Of course, it's no secret that tensions have surfaced between the administration and some elements of the Jewish community over its policy toward Israel, particularly regarding construction of Jewish settlements in east Jerusalem.
So it's tempting to see this week's reception as another step in what many have called Obama's current "charm offensive" toward American Jewish leaders, including: a meeting last week between the president and Jewish congressional leaders; gatherings of top White House officials and rabbis; addresses by Secretary of State Hillary Rodham Clinton and National Security Adviser James L. Jones to major Jewish groups; and a private lunch early this month between the president and Noble laureate Eli Wiesel.

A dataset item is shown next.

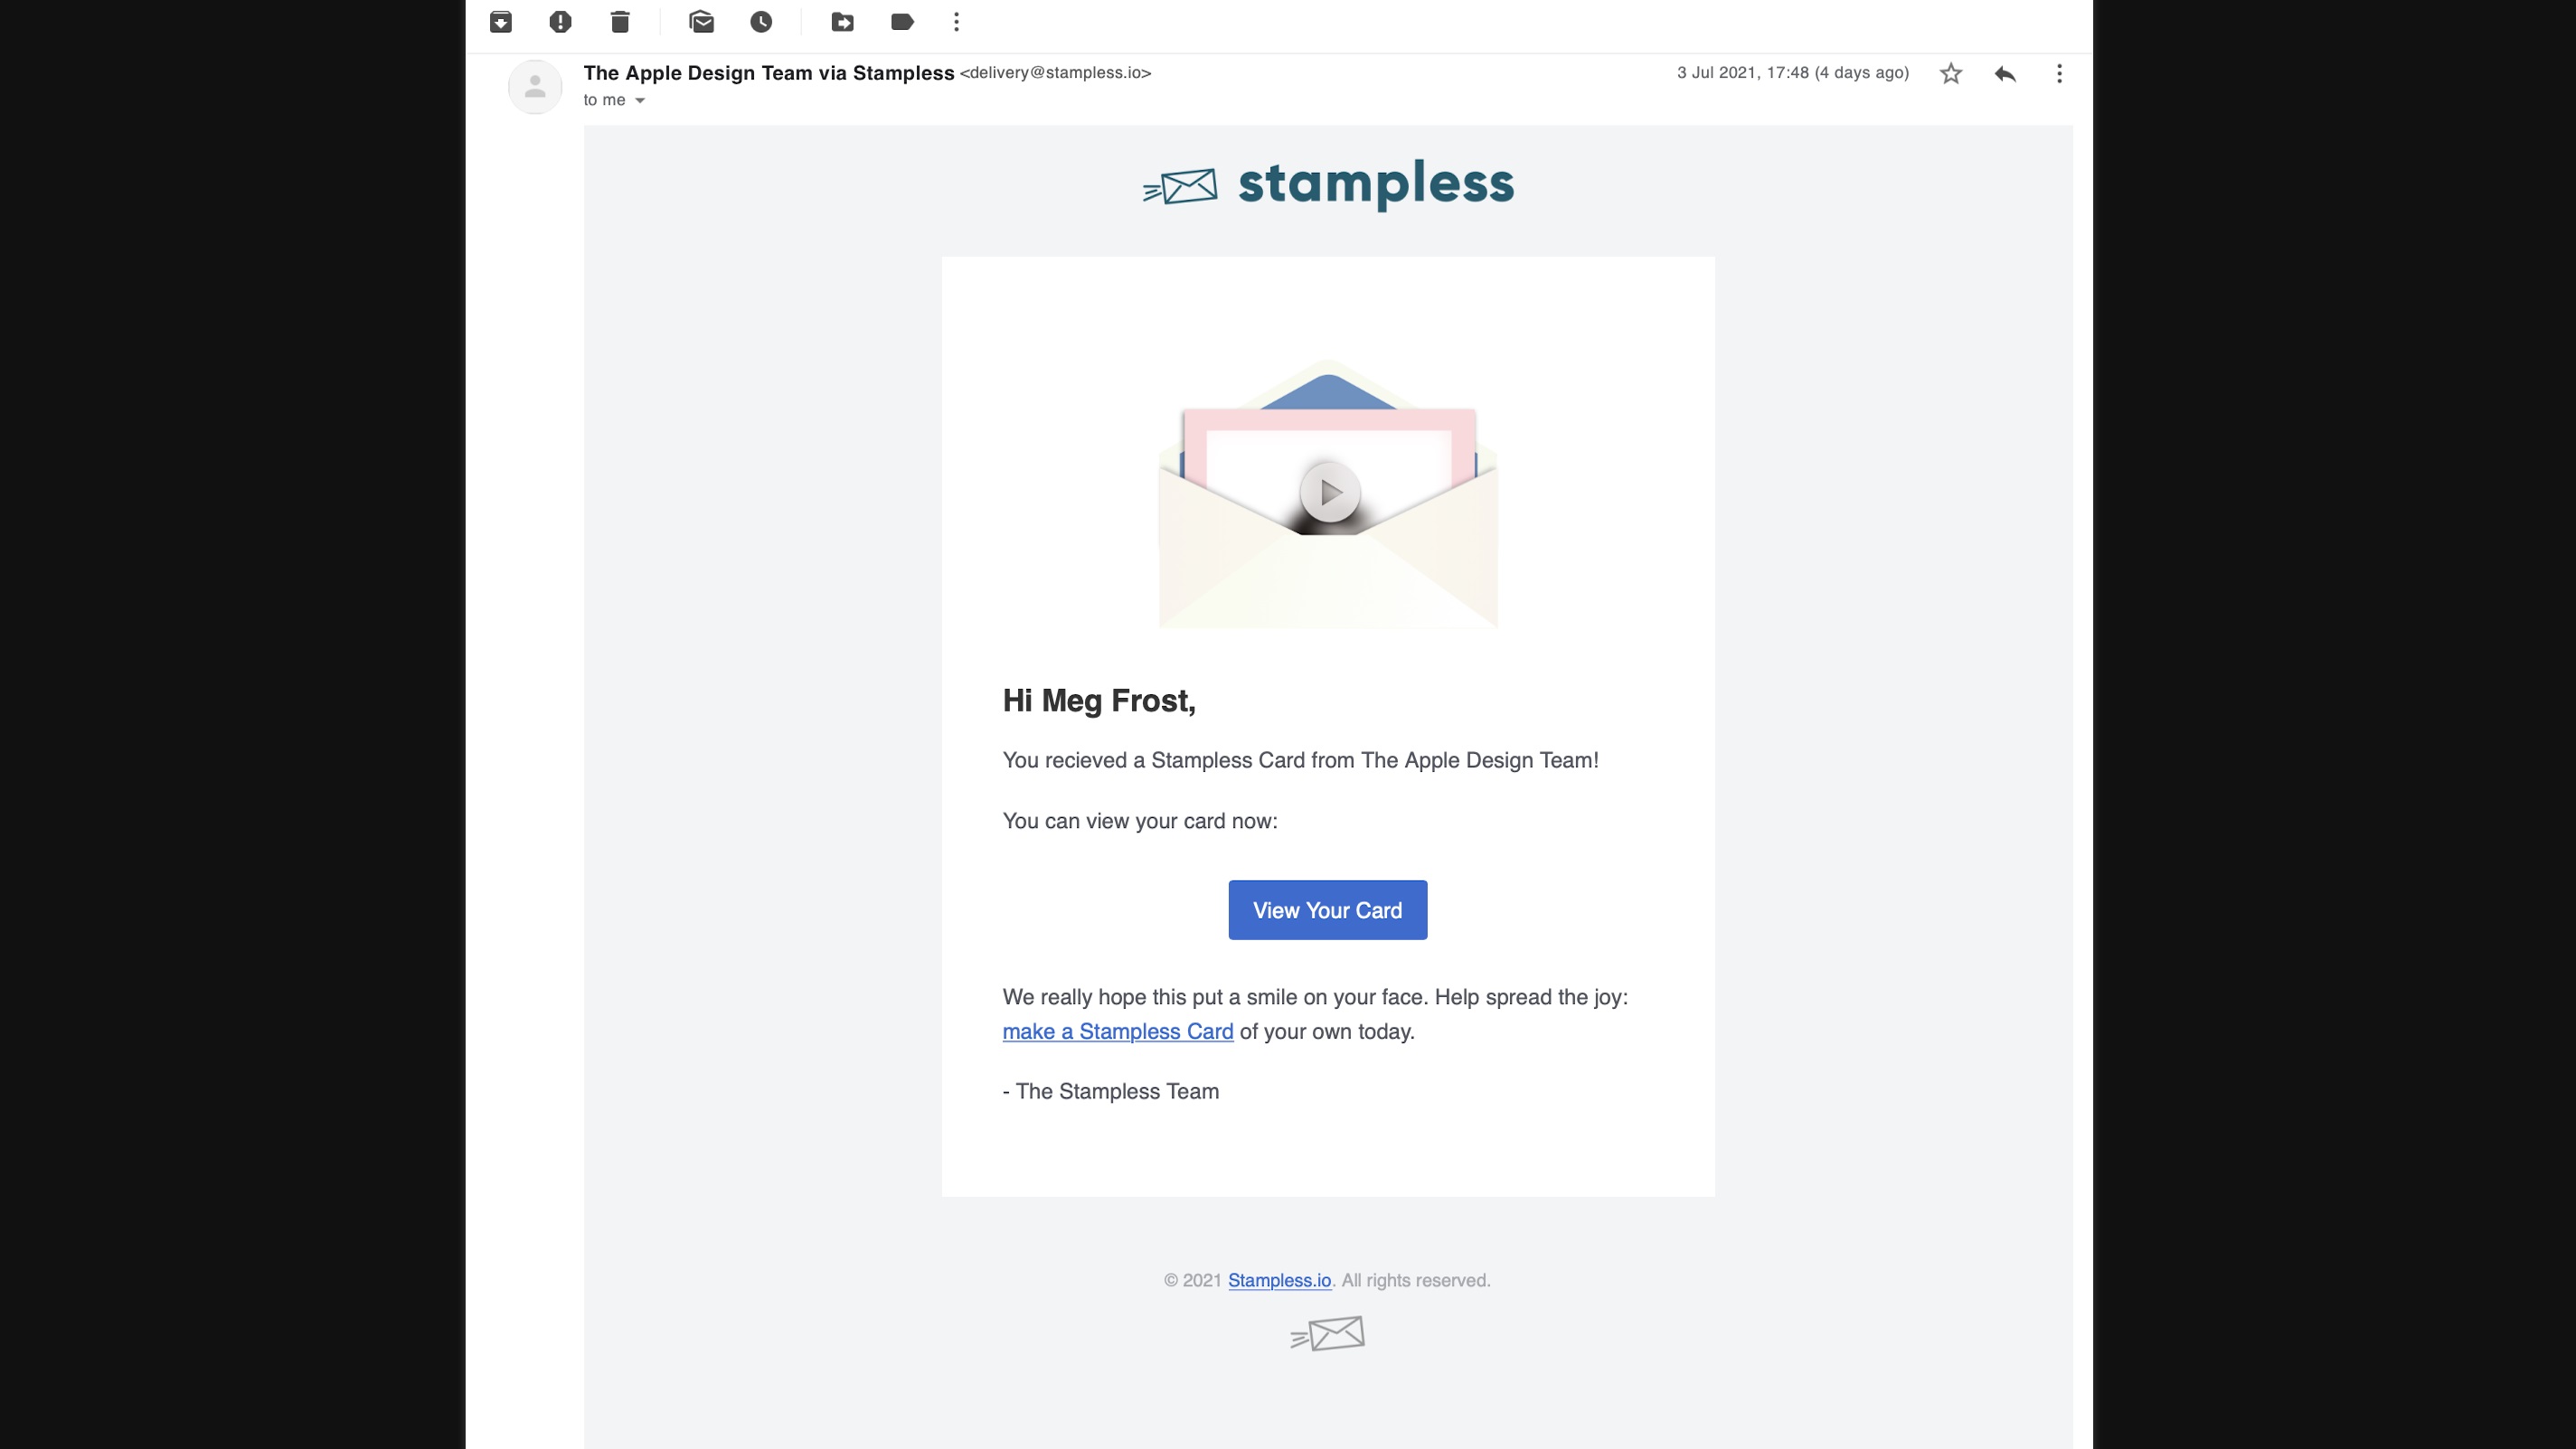 Know more about Stampless.io

But though Thursday's event certainly can't hurt, officials point out that plans have been under way for several months. And the pressure actually began years ago.
"Listen, I've been trying to get the White House to put on this event for five years," says Rep. Debbie Wasserman Schultz of Florida, the congresswoman who spearheaded the campaign to establish Jewish Heritage Month in the first place. "I really don't think it has anything to do with the current outreach efforts."
"I'm really excited about the event," adds Schultz, who will attend along with many other Jewish members of Congress. "This is a way to demonstrate that President Obama is committed to the Jewish community. But also it's a way to educate Americans about the contributions of American Jews, to breed tolerance and understanding."
To illustrate her point, Schultz says that when she was in college in 1984, a fellow student came up to her and asked if she was Jewish. "I've never seen a real one," she says the student told her.
Washington Jewish leader William Daroff adds that it wasn't so long ago that Jews in the United States were restricted in many ways: where they could live, what colleges they could attend, and what professions they could aspire to.
"We've come a long way, and Jewish Heritage Month is there to celebrate that progress," says Daroff, director of the Washington Office of the Jewish Federations of North America.
But while May was declared Jewish Heritage Month in 2006, set into law by President George W. Bush, this is the first time the White House has agreed to hold a reception to mark it.
"I don't ascribe a motive," Schultz says. "Presidents are very busy."
Asked why Obama had decided to hold the reception, White House spokesman Matt Lehrich told The Associated Press that the Obamas wanted to celebrate Jewish Americans' contributions to the nation's history and culture. "The reception also offers a chance to foster partnership, collaboration, and education in the spirit of Jewish American Heritage Month," Lehrich said.
Daroff himself isn't on the guest list, and he says that's logical. "This event is less about those of us in the Beltway," he says, "and more about the folks out there living the Jewish experience, and breaking down barriers."
So who else is invited? "This could be interesting, seeing what the mix looks like," says Abraham Foxman, national director of the Anti-Defamation League, who said he's not on the list.
Or, put another way: "Adam Sandler could write a whole new Hanukkah song after this party," quips Steve Rabinowitz, a Washington public relations executive, referring to the popular song pointing out famous Jewish Americans.
Someone who probably wouldn't make the song is Rabbi Marc Schneier of New York. He leads two Orthodox congregations and spoke at the 2008 Democratic convention.
But he believes he was invited because of his outreach work to the Muslim community, as president of the Foundation for Ethnic Understanding. He's also been active in furthering ties with the black community.
"Our work is very much in concert with President Obama's agenda," says Schneier.
A past guest at the White House Hanukkah party, Schneier says this event has a whole different feel to it.
"This is quite unique," he says. "It's more exotic than the usual White House event."
"Listen, anytime there's a first in Washington, it's a big deal," he says.